** YOUR OBJECTIVE **
Without the pictures, copy all of the data exactly.

========================

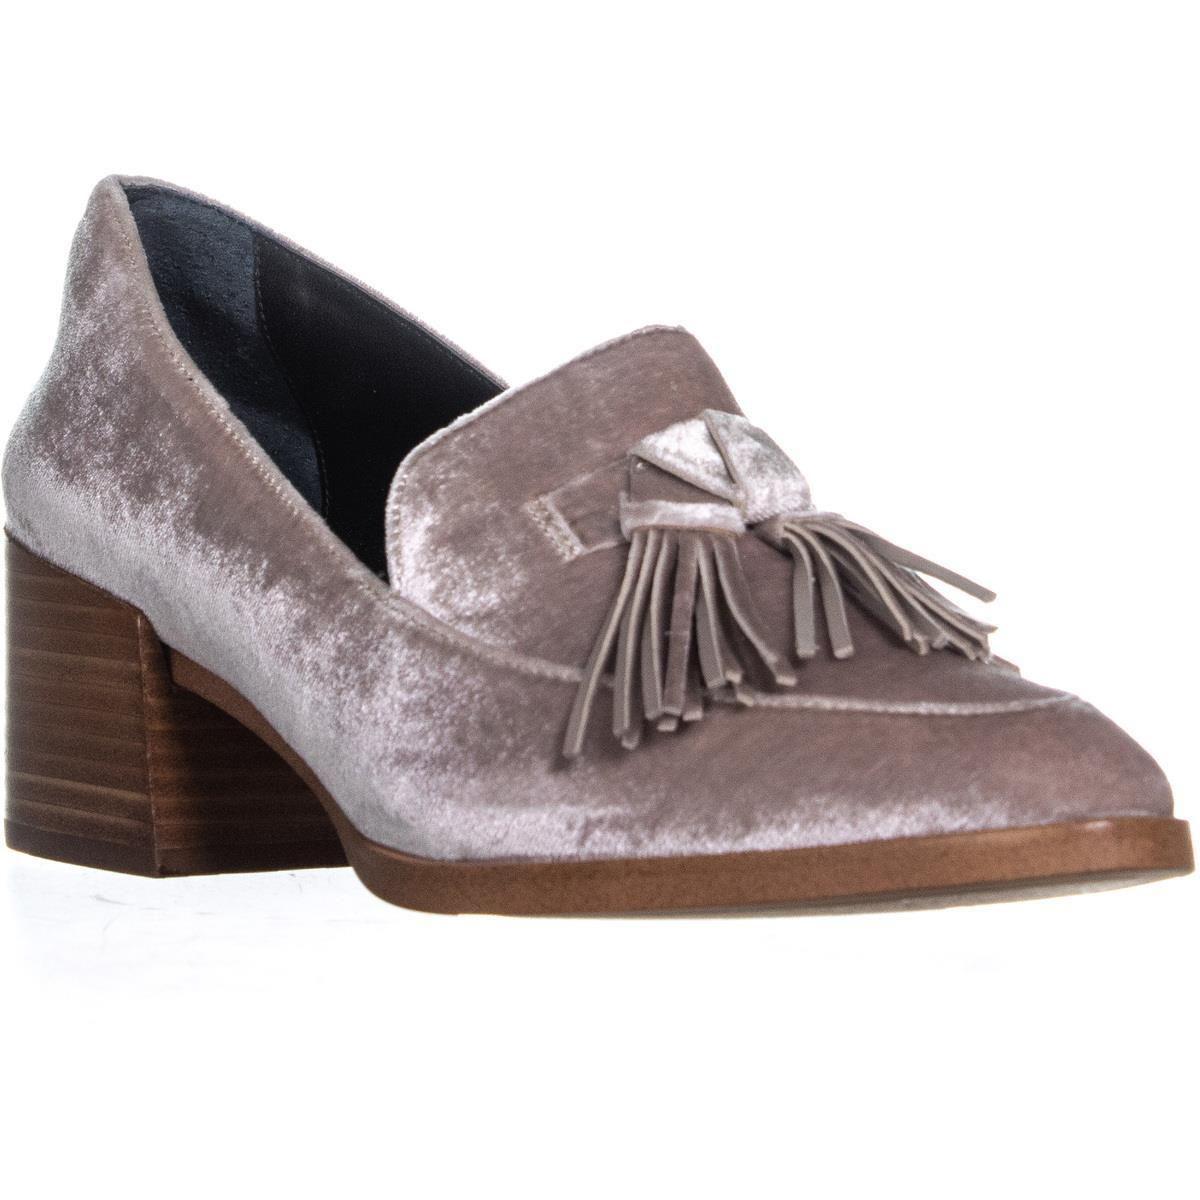 eb9e0037ce9 Rebecca Minkoff. Women s Edie Heeled Loafers ...
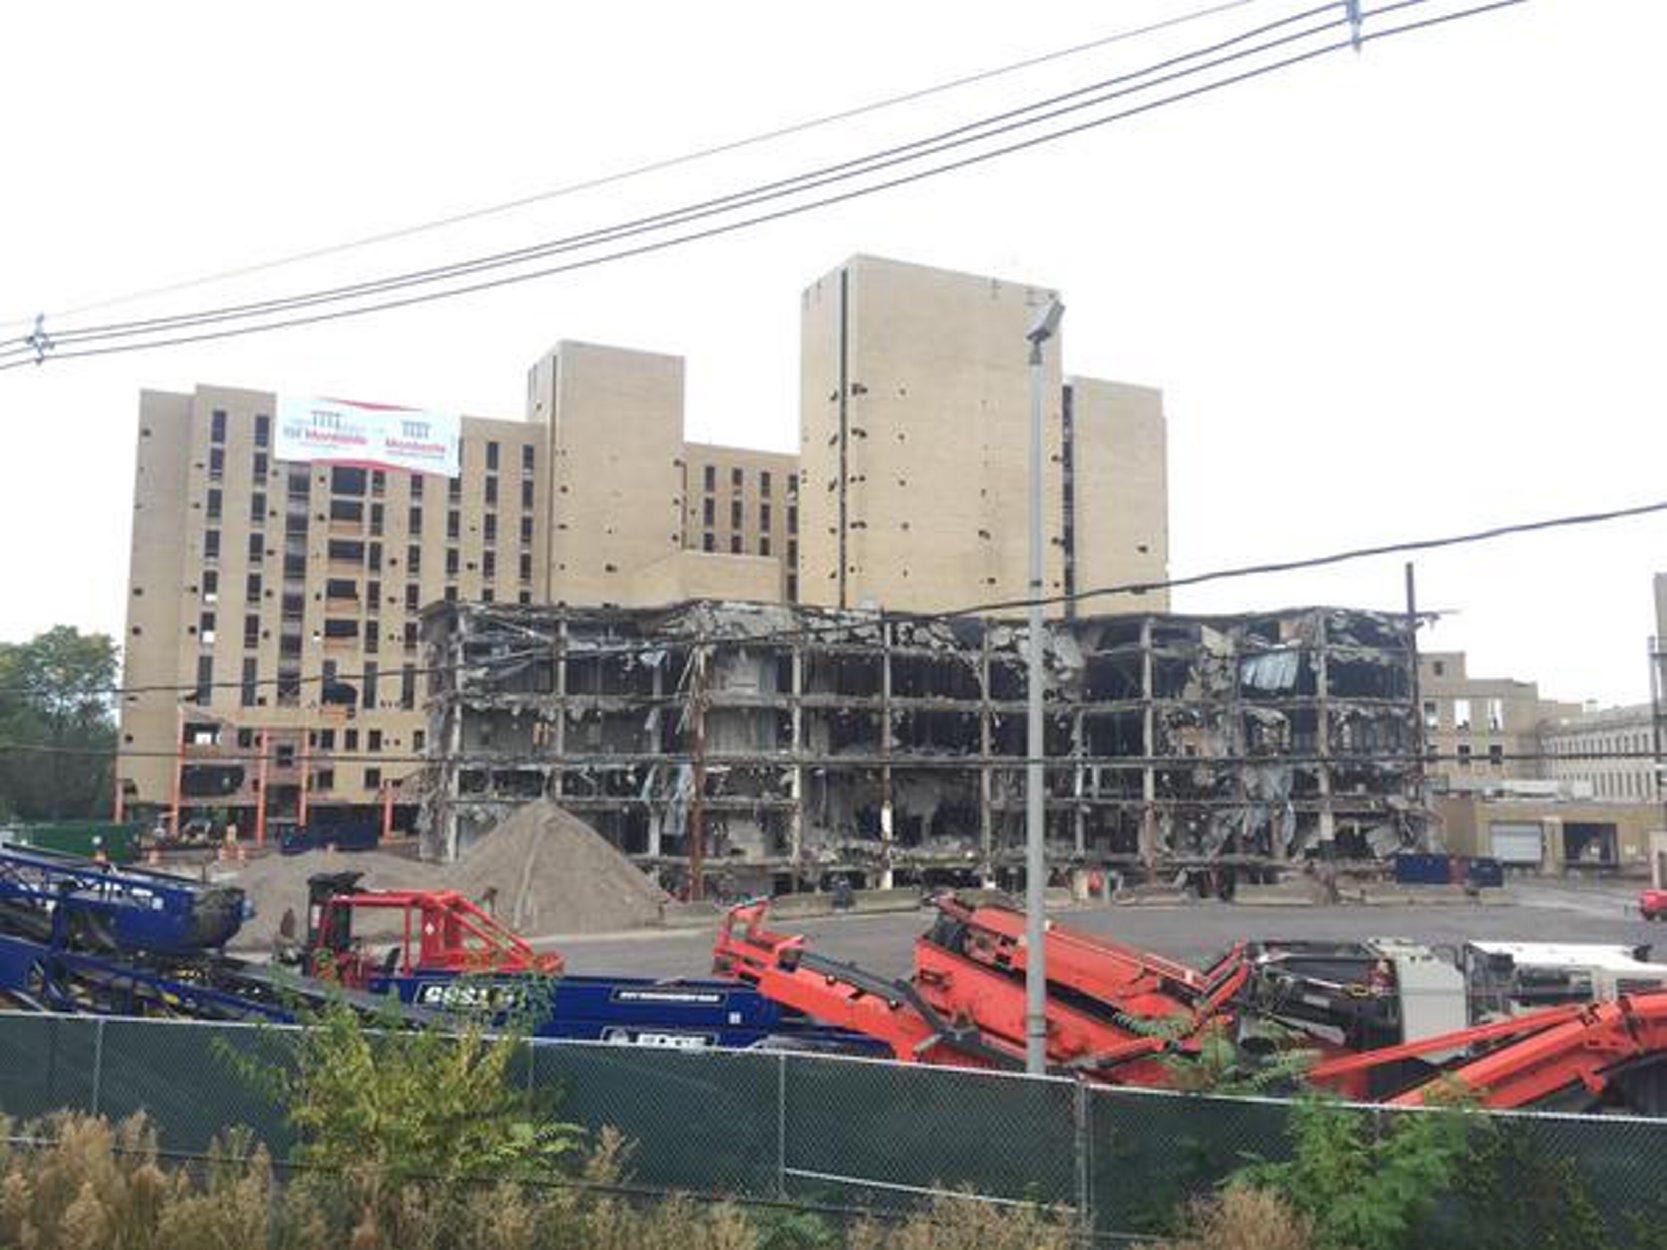 The former Millard Fillmore Hospital as seen Sept. 29, 2015. (Mark Mulville/Buffalo News)
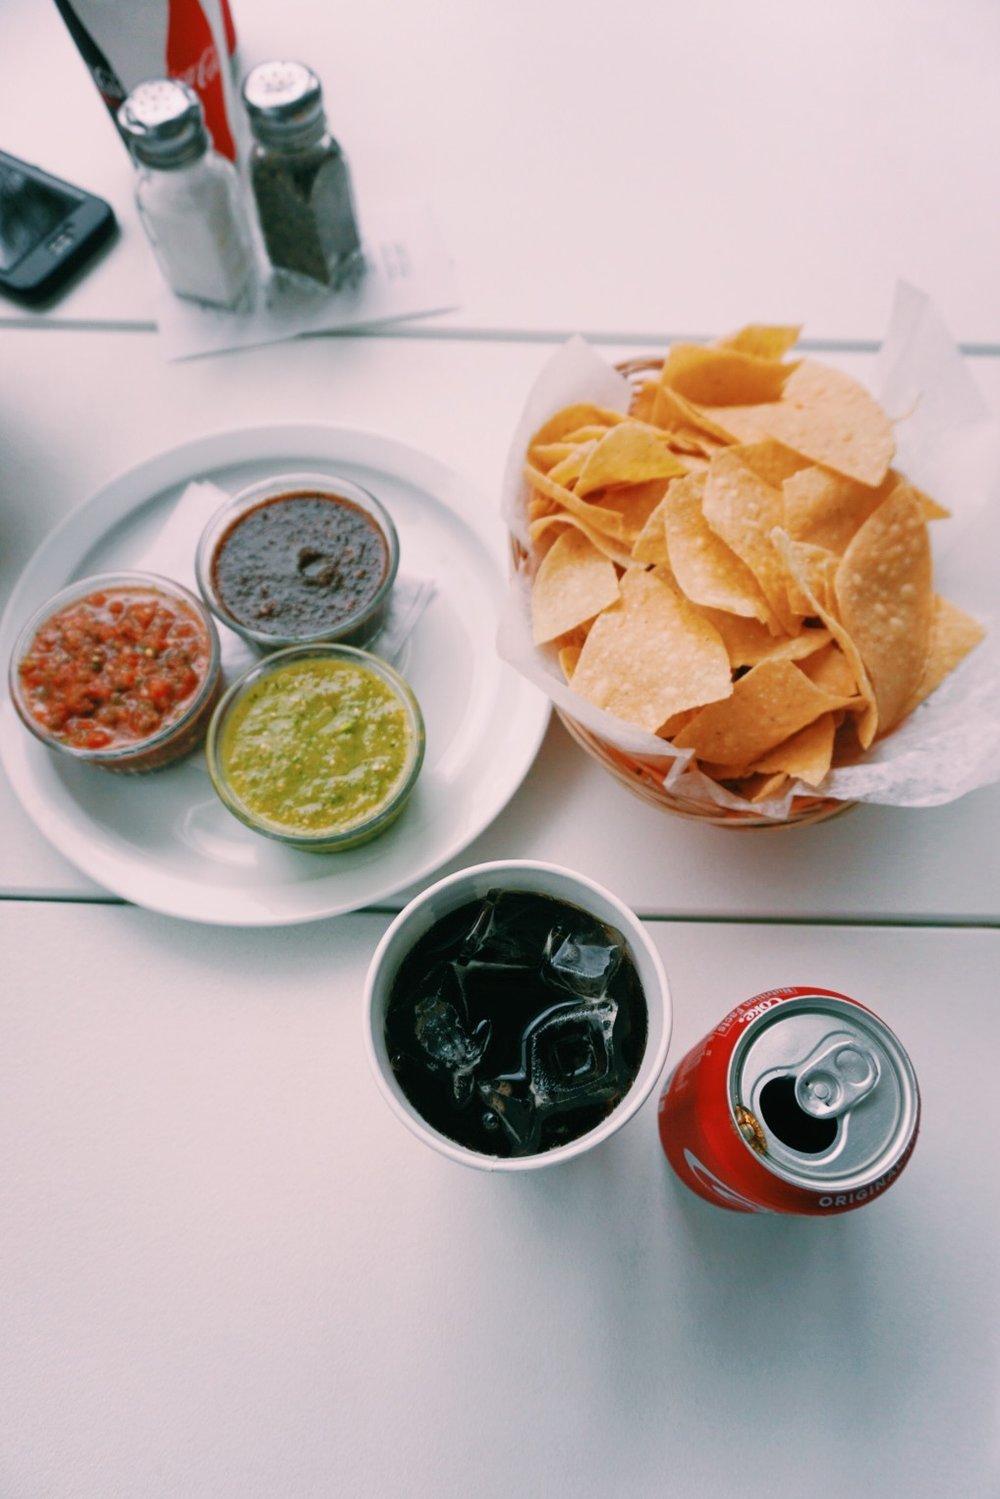 Chips and Salsa Trio at Taquiera del Sol - Athens, GA taco shop
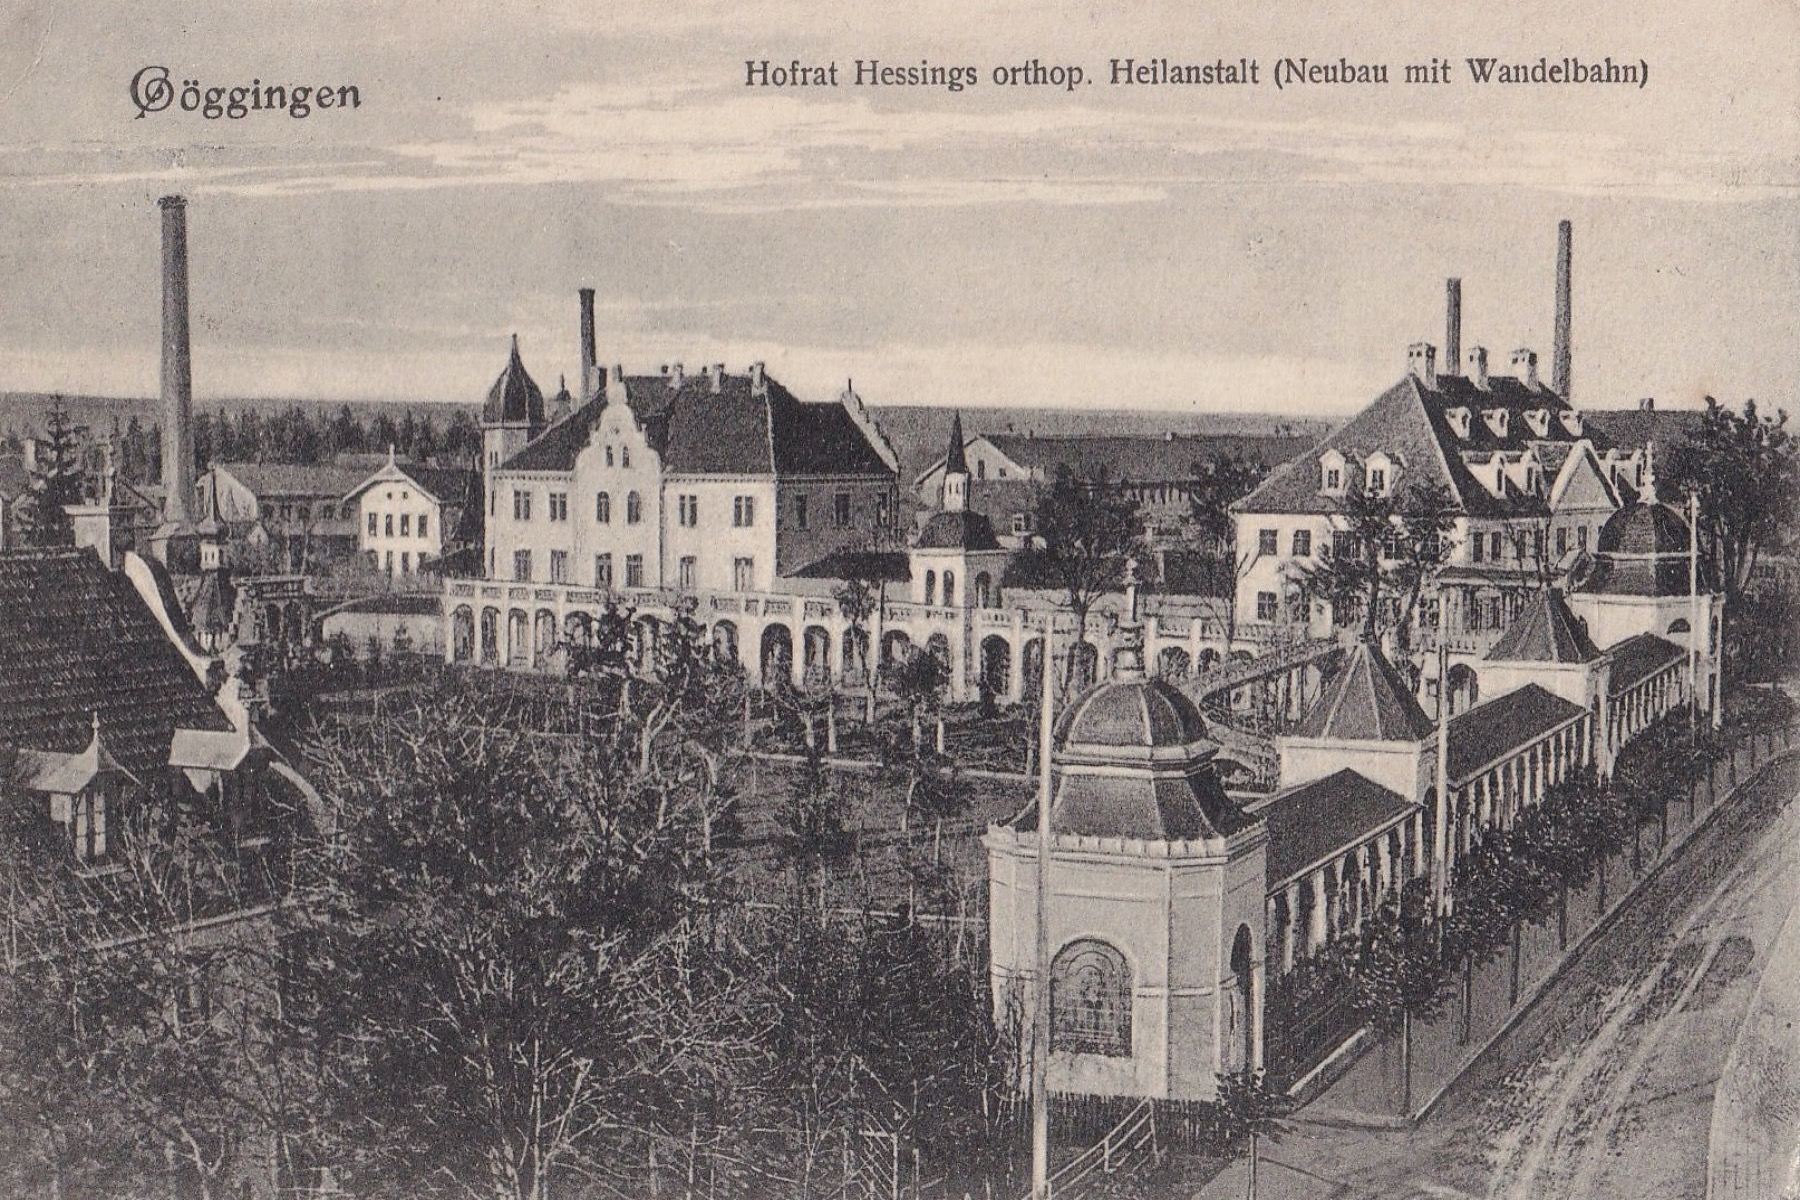 Hessing Klinik und Fabrikareal um 1900  – ©Privat Sammlung Gregor Nagler
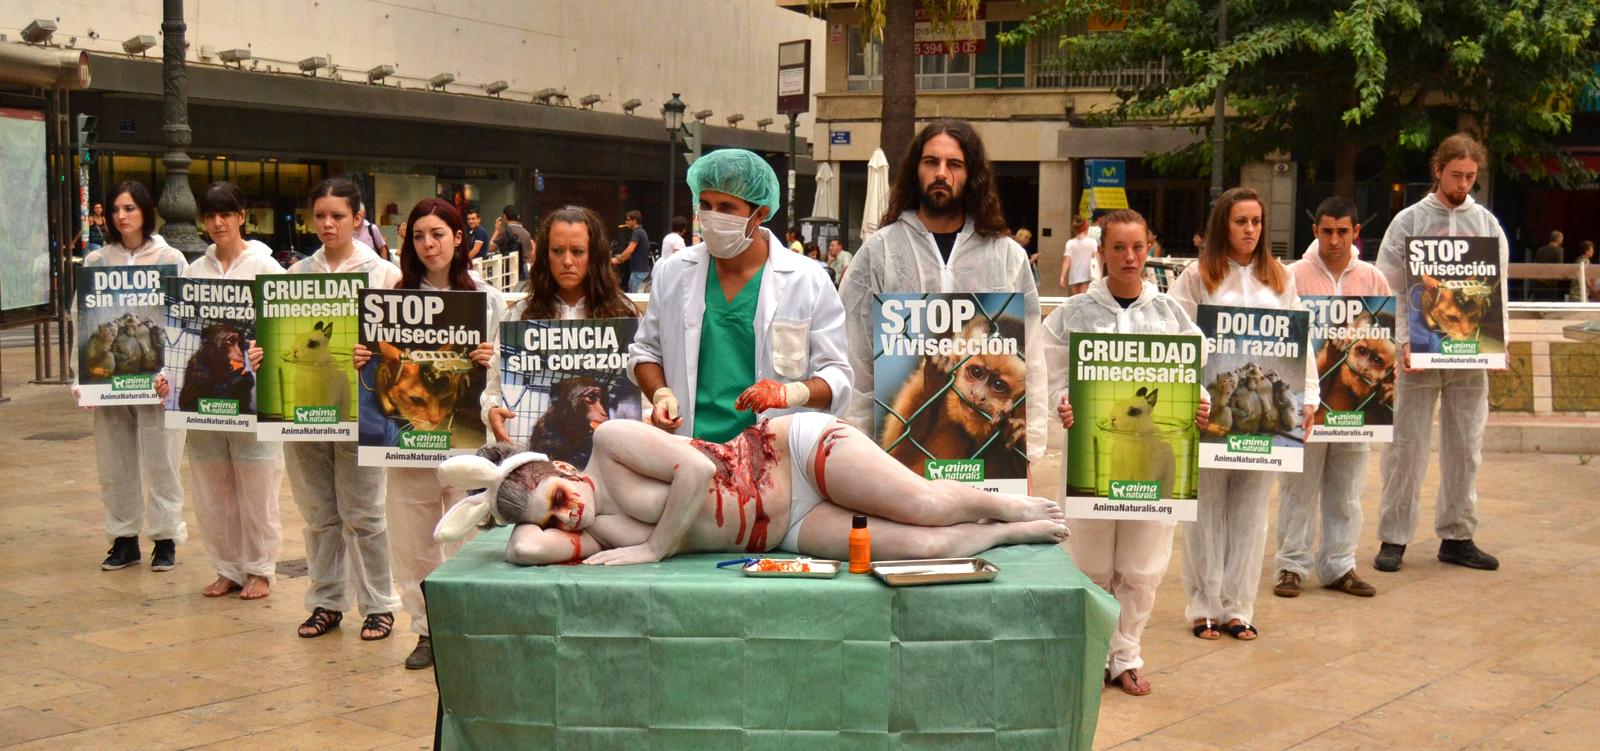 ¡Maratón de recogida de firmas de AnimaNaturalis contra vivisección!

========================

** SOLUTION TO THIS EXERCISE **
 eb9e0037ce9 Rebecca Minkoff. Women s Edie Heeled Loafers ...
 The former Millard Fillmore Hospital as seen Sept. 29, 2015. (Mark Mulville/Buffalo News)
 Chips and Salsa Trio at Taquiera del Sol - Athens, GA taco shop
 Hessing Klinik und Fabrikareal um 1900  – ©Privat Sammlung Gregor Nagler
 ¡Maratón de recogida de firmas de AnimaNaturalis contra vivisección!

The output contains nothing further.